The data:
================================

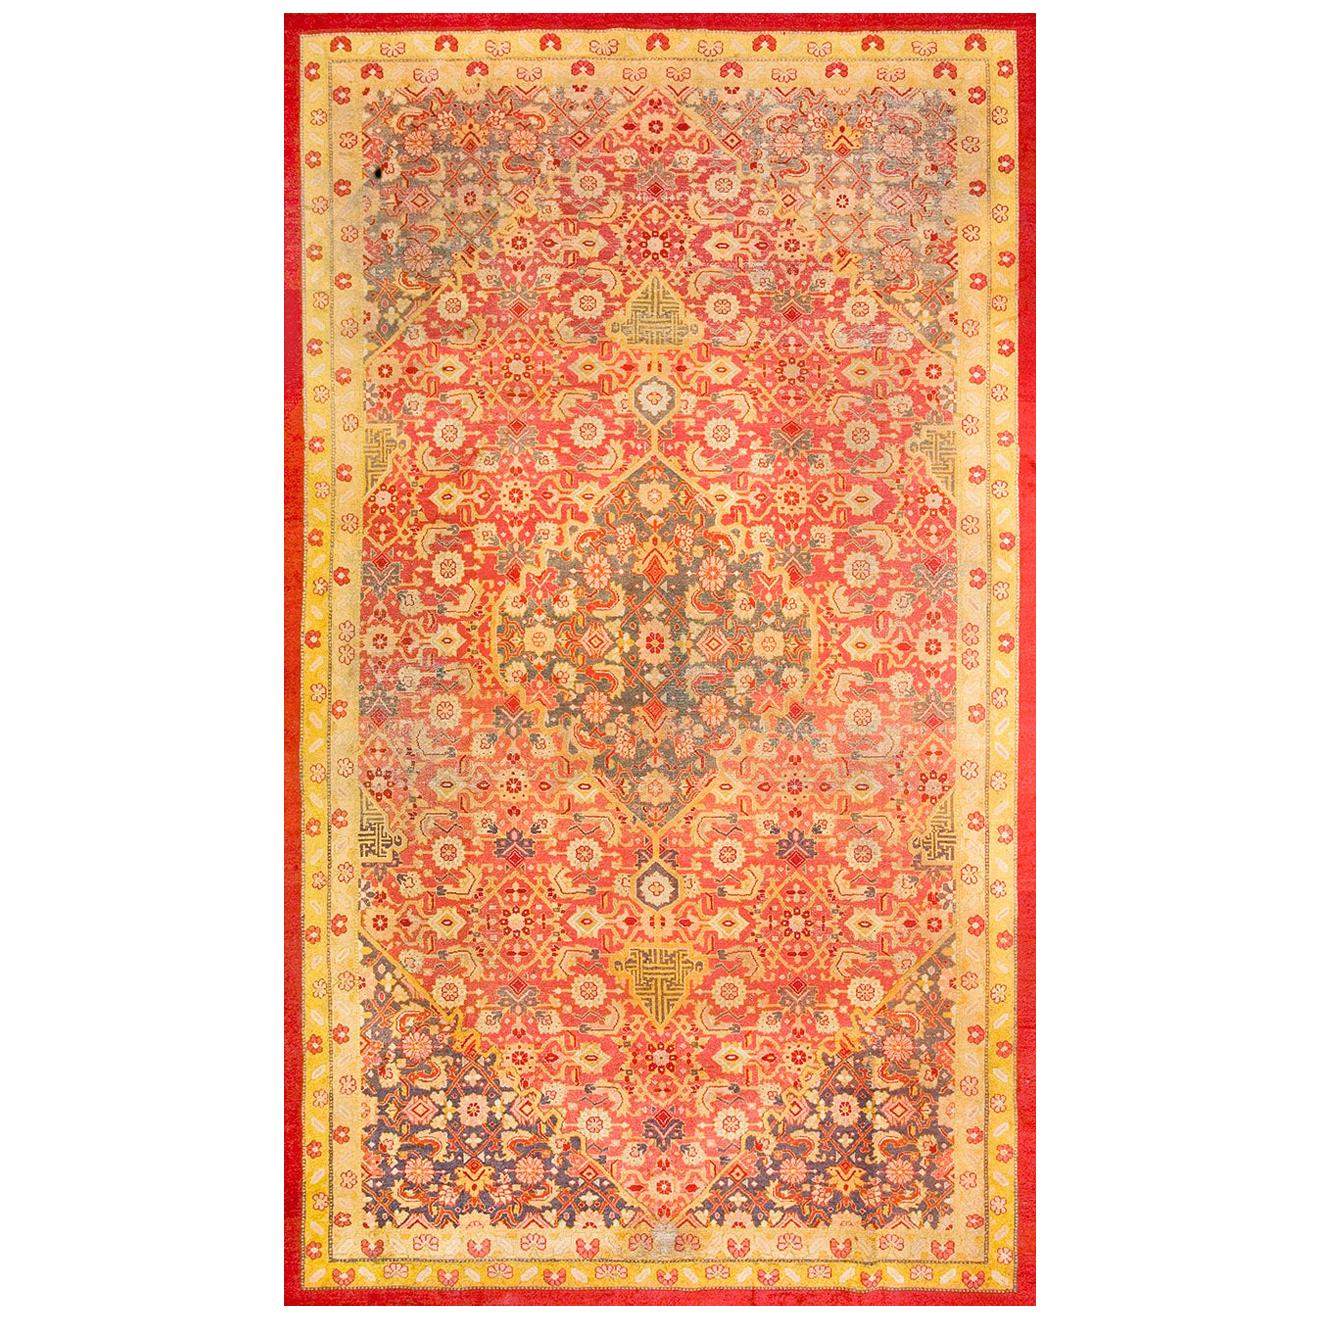 Early 20th Century N. Indian Amritsar Carpet ( 9'6" x 16'3" - 290 x 495 )
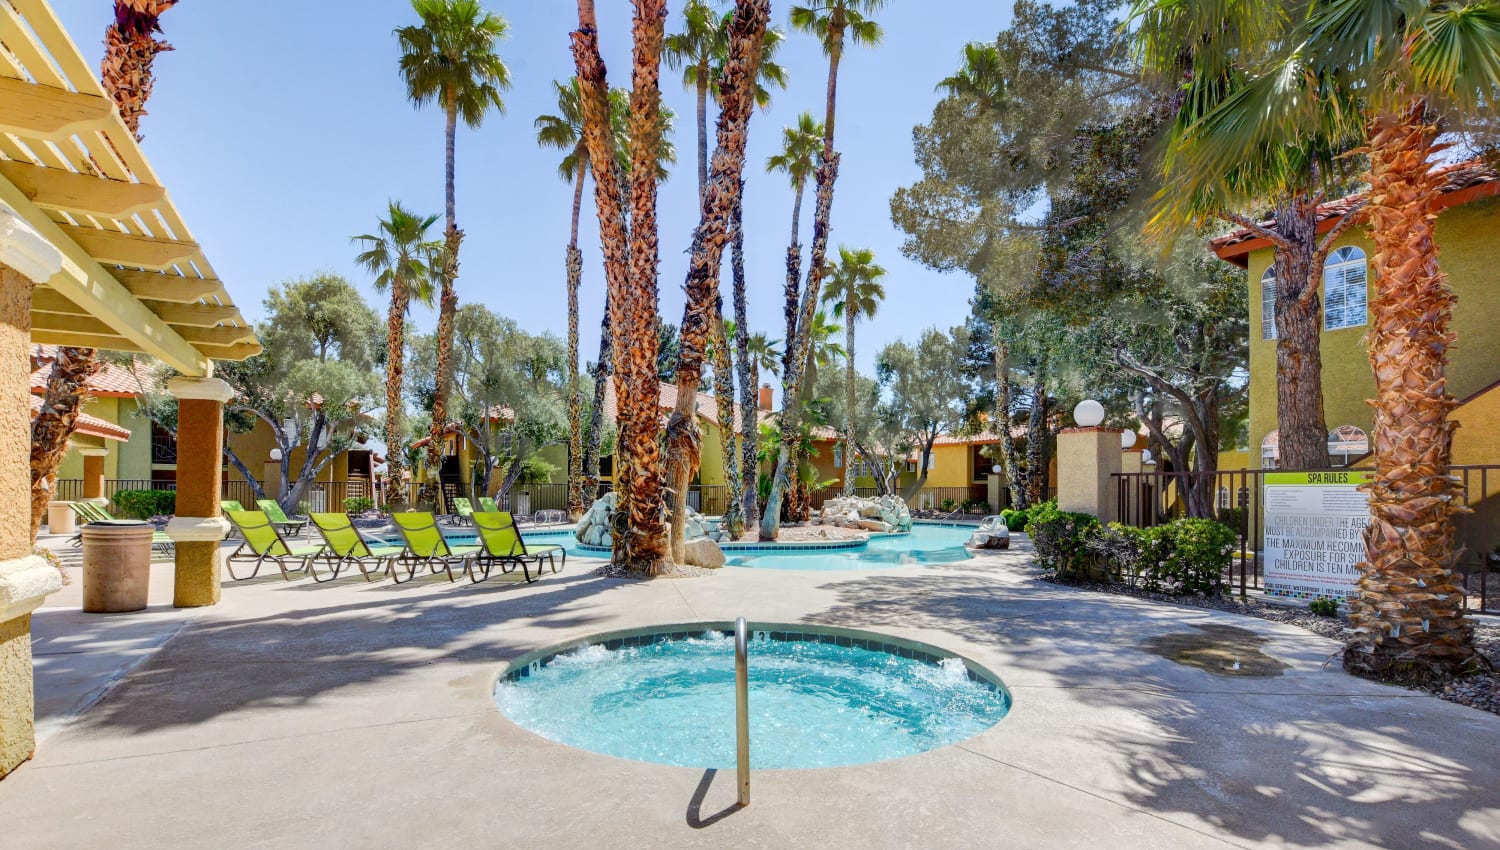 Pool and hot tub at Breakers Apartments in Las Vegas, Nevada
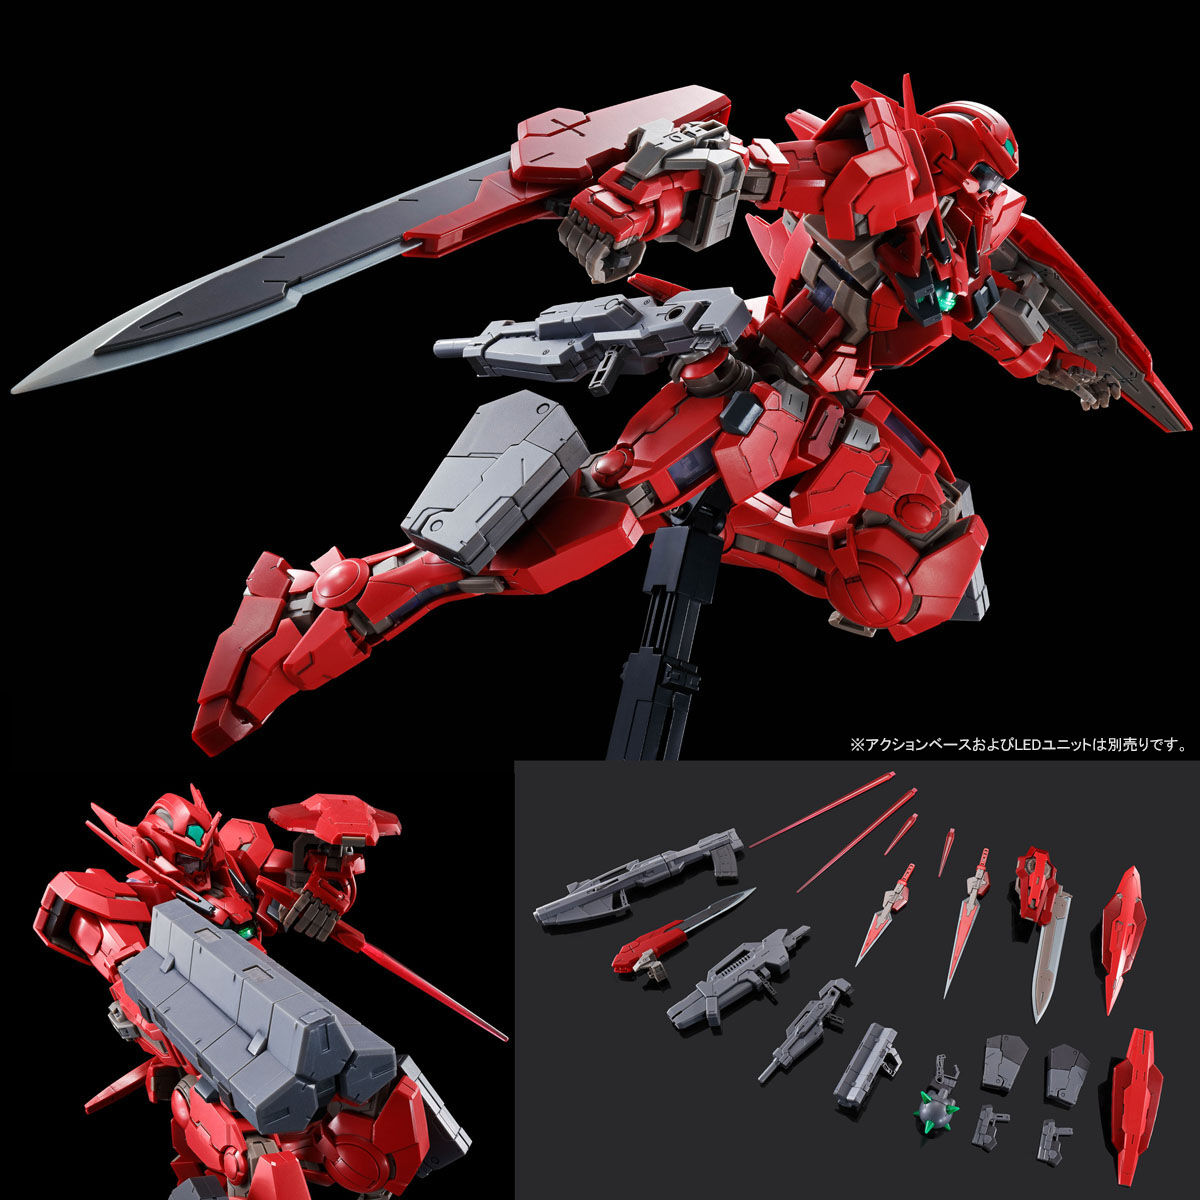 MG 1/100 GNY-001F Gundam Astraea Type-Fereshte(Full Weapon Set)
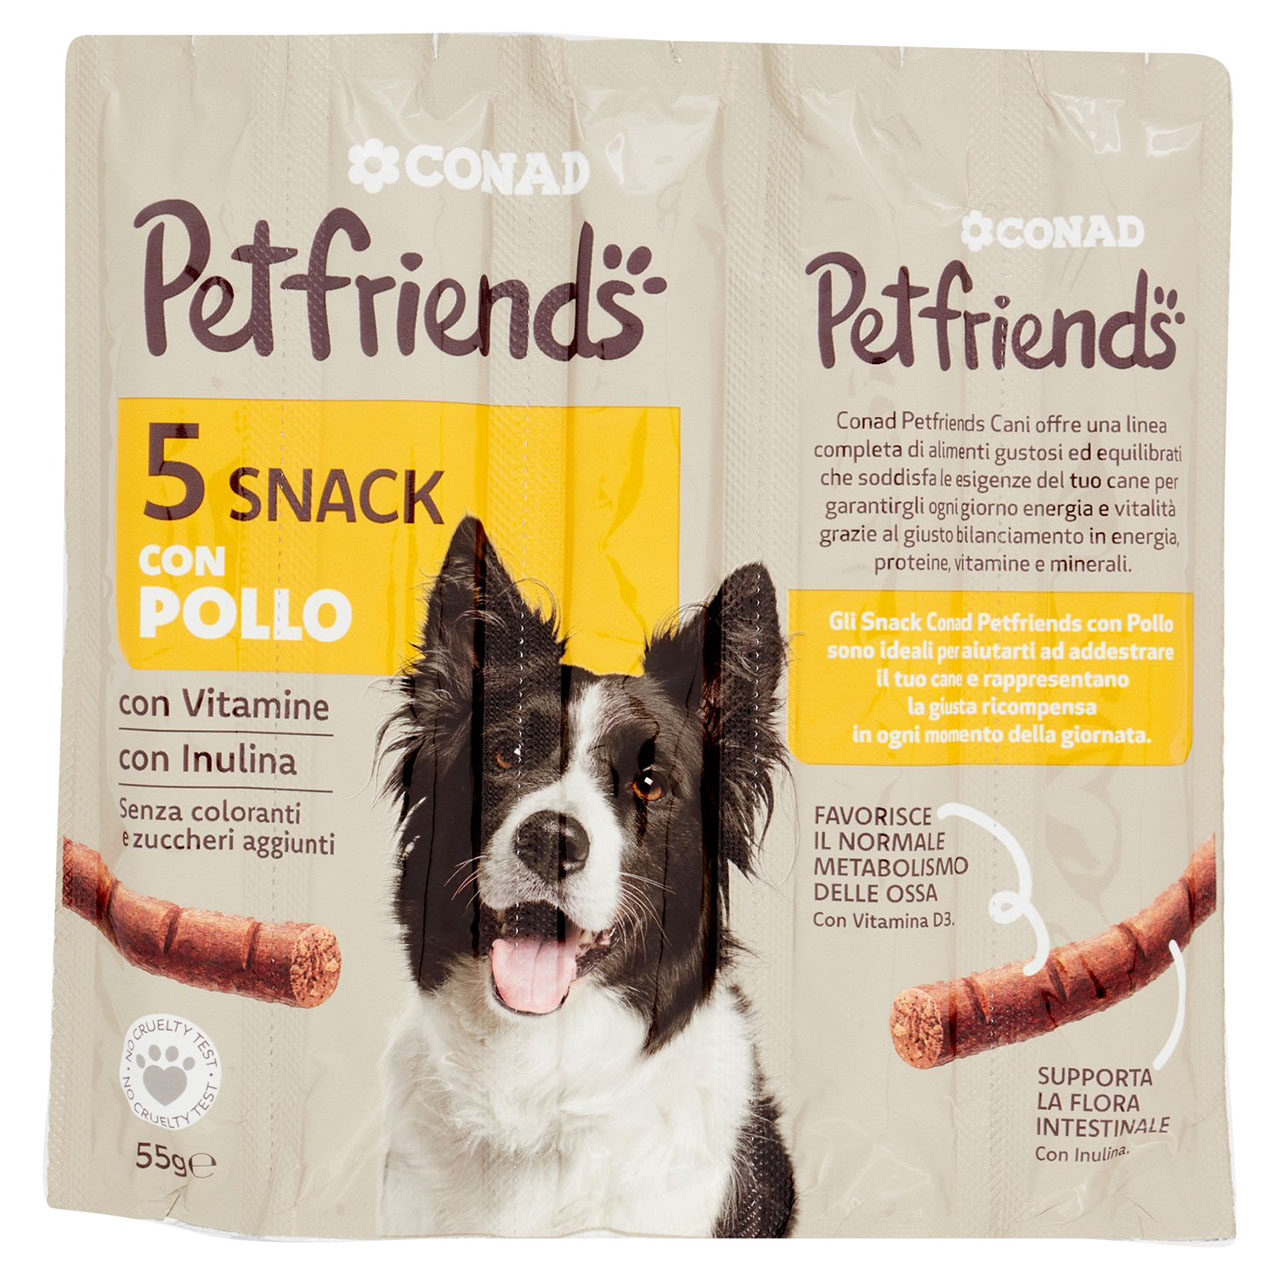 Petfriends Snack con Pollo 5 x 11 g online

================================

Assignment:
Print out the material word for word, omitting the pictures.

Completed task:
 Early 20th Century N. Indian Amritsar Carpet ( 9'6" x 16'3" - 290 x 495 )
 Pool and hot tub at Breakers Apartments in Las Vegas, Nevada
 MG 1/100 GNY-001F Gundam Astraea Type-Fereshte(Full Weapon Set)
 Petfriends Snack con Pollo 5 x 11 g online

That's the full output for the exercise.